First, consider the domain of $\frac{1}{\ln(10-x)}$. We need $10-x > 0$ and $\ln(10-x) \neq 0$.

From $10-x > 0$, we get $x < 10$.

From $\ln(10-x) \neq 0$, we get $10-x \neq 1$, which means $x \neq 9$.

So, for the first term, the domain is $x \in (-\infty, 9) \cup (9, 10)$.

Next, consider the domain of $\sin^{-4}(\frac{x+2}{2x+3})$. Since it is raised to the power of -4, $\sin^{-4}(\frac{x+2}{2x+3}) = \frac{1}{\sin^4(\frac{x+2}{2x+3})}$.

We need $-1 \leq \frac{x+2}{2x+3} \leq 1$ and $\sin(\frac{x+2}{2x+3}) \neq 0$, which means $\frac{x+2}{2x+3} \neq 0$.

First, let's solve $-1 \leq \frac{x+2}{2x+3} \leq 1$.

Case 1: $\frac{x+2}{2x+3} \leq 1 \implies \frac{x+2}{2x+3} - 1 \leq 0 \implies \frac{x+2 - (2x+3)}{2x+3} \leq 0 \implies \frac{-x-1}{2x+3} \leq 0 \implies \frac{x+1}{2x+3} \geq 0$.
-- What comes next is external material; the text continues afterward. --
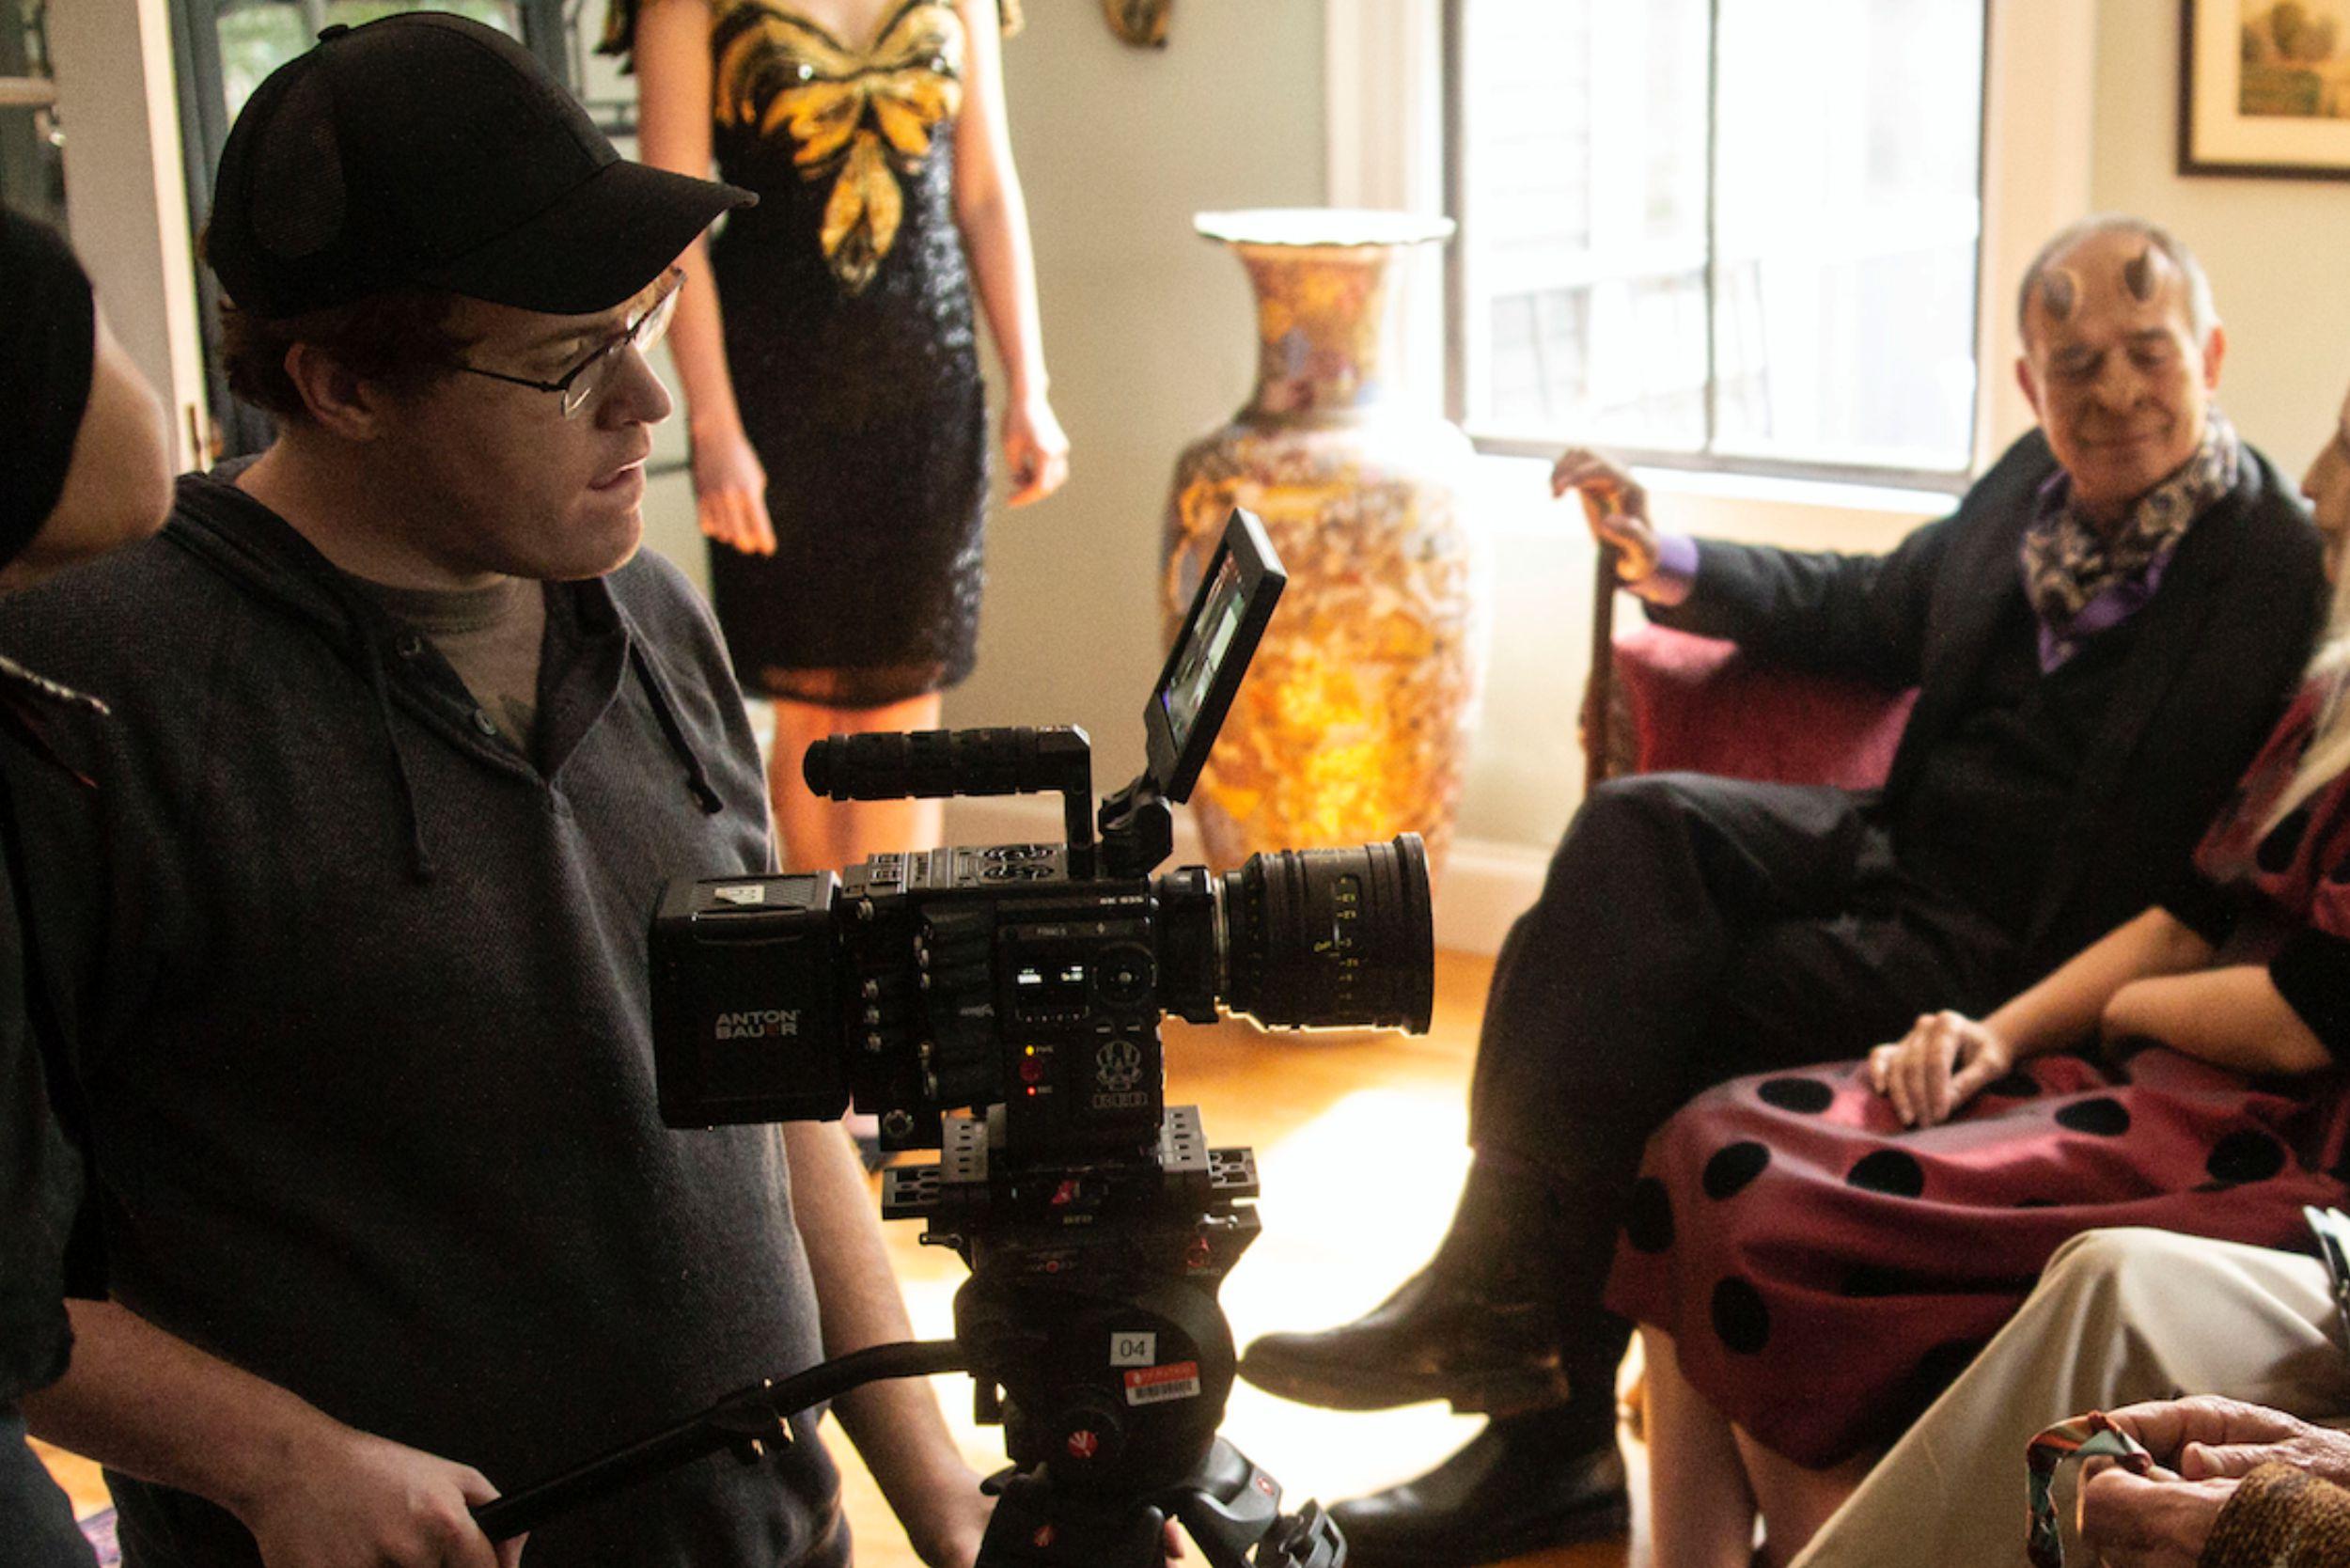 INTERVIEW WITH DIRECTOR BEN TOBIN

The critical points are $x = -1$ and $x = -\frac{3}{2}$. Thus, $x \in (-\infty, -\frac{3}{2}) \cup [-1, \infty)$.

Case 2: $\frac{x+2}{2x+3} \geq -1 \implies \frac{x+2}{2x+3} + 1 \geq 0 \implies \frac{x+2 + 2x+3}{2x+3} \geq 0 \implies \frac{3x+5}{2x+3} \geq 0$.

The critical points are $x = -\frac{5}{3}$ and $x = -\frac{3}{2}$. Thus, $x \in (-\infty, -\frac{5}{3}] \cup (-\frac{3}{2}, \infty)$.

Combining both cases, we have $x \in (-\infty, -\frac{5}{3}] \cup (-1, \infty)$.

Now, we need to consider $\frac{x+2}{2x+3} \neq 0$, which means $x \neq -2$.

So, the domain for the second term is $(-\infty, -\frac{5}{3}] \cup (-2, -\frac{3}{2}) \cup (- \frac{3}{2}, -1) \cup (-1, \infty)$.

Combining the domains of both terms, we have:

$x \in [(-\infty, 9) \cup (9, 10)] \cap [(-\infty, -\frac{5}{3}] \cup (-2, -\frac{3}{2}) \cup (- \frac{3}{2}, -1) \cup (-1, \infty)]$.

$x \in (-\infty, -\frac{5}{3}] \cup (-1, 9) \cup (9, 10)$.

Given the domain is $(-\infty, -a] \cup (-1, b) \cup (b, c)$, we can identify $a = \frac{5}{3}$, $b = 9$, and $c = 10$.

Finally, we need to find $b+c+3a = 9 + 10 + 3(\frac{5}{3}) = 9 + 10 + 5 = 24$.